— What to work on —
All of the data should be copied exactly, with the pictures left out.

— Supplied material —
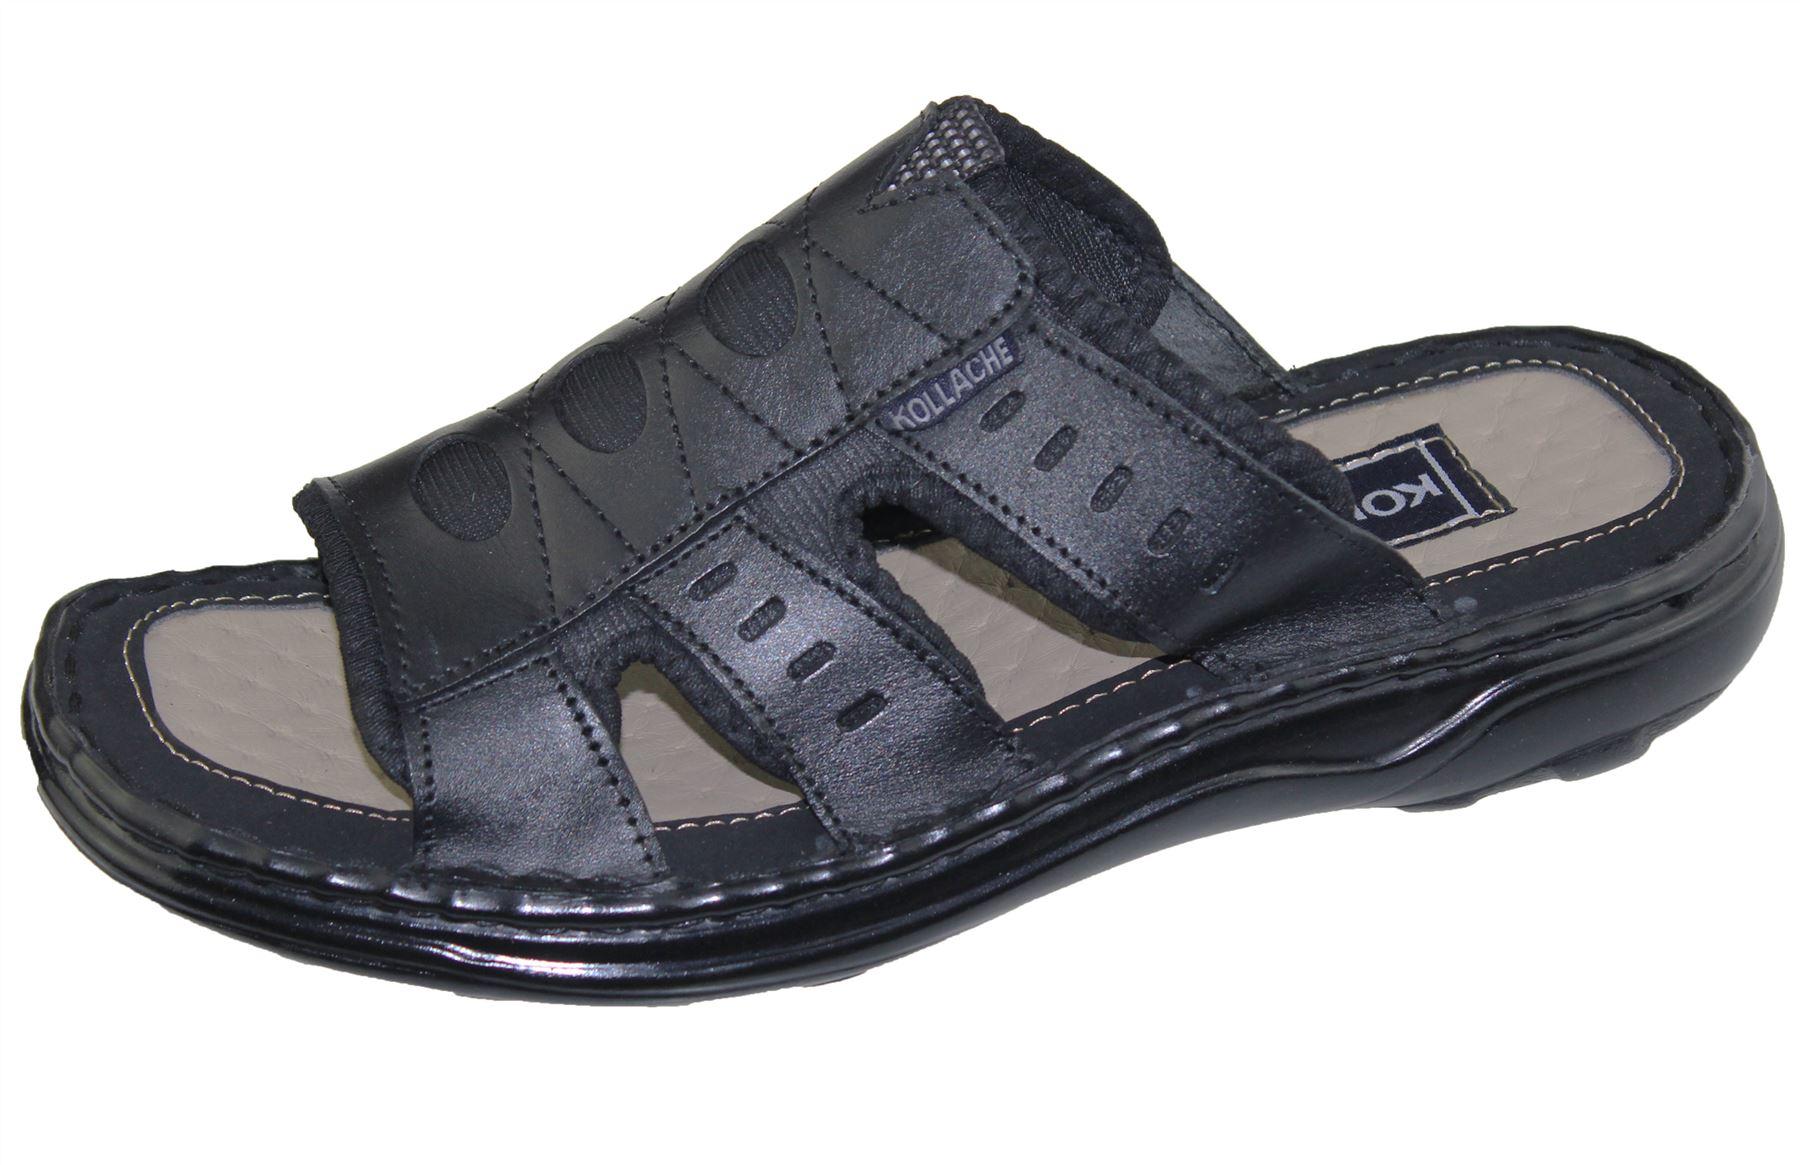 Mens-Slipper-Sandal-Sports-Beach-Buckle-Walking-Fashion-Summer-Casual-Shoes-Size miniatura 15
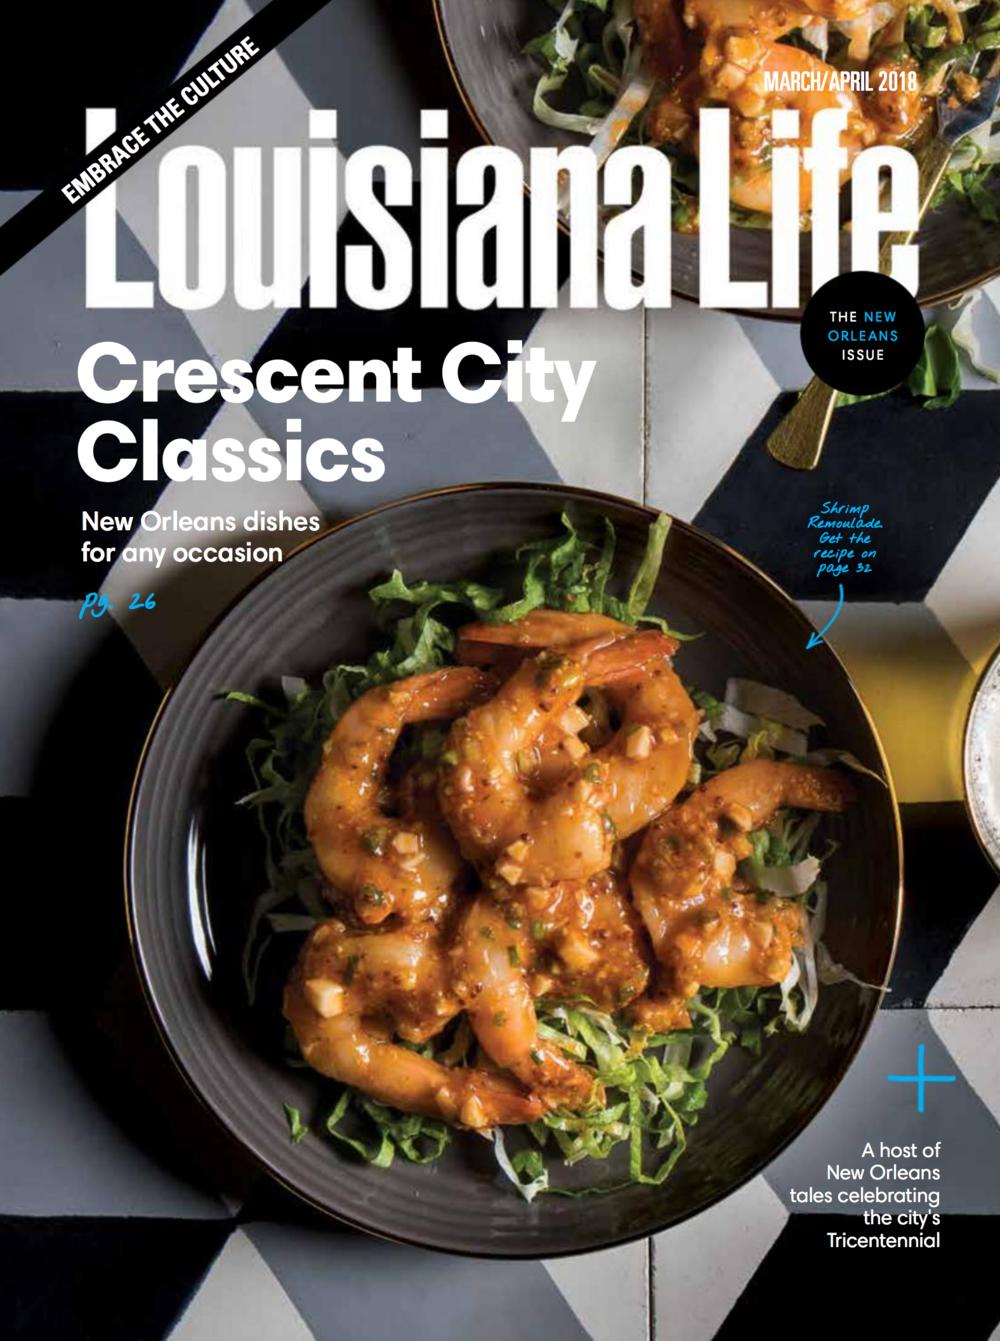 http://www.myneworleans.com/Louisiana-Life/March-April-2018/Crescent-City-Classics/
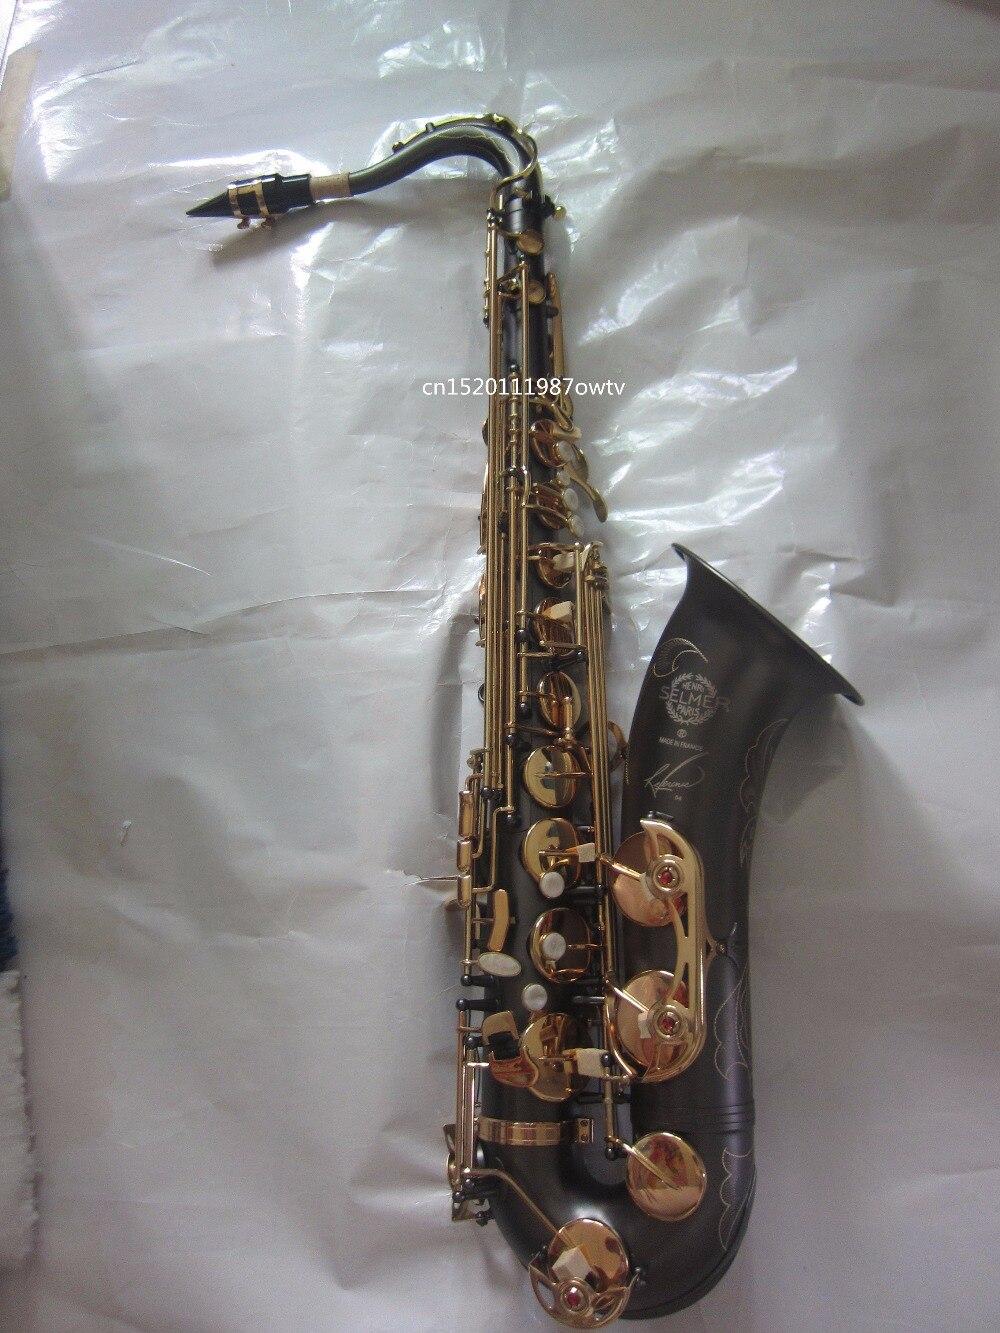 FREE SHIPPING selmer 54 tenor saxophone wind B flat original matt black for gold inscription carved tenor saxophone instrument 54 selmer b flat saxophone tenor antique copper free shipping sound quality promotions sax

— Response below —
 Mens-Slipper-Sandal-Sports-Beach-Buckle-Walking-Fashion-Summer-Casual-Shoes-Size miniatura 15
 http://www.myneworleans.com/Louisiana-Life/March-April-2018/Crescent-City-Classics/
 FREE SHIPPING selmer 54 tenor saxophone wind B flat original matt black for gold inscription carved tenor saxophone instrument 54 selmer b flat saxophone tenor antique copper free shipping sound quality promotions sax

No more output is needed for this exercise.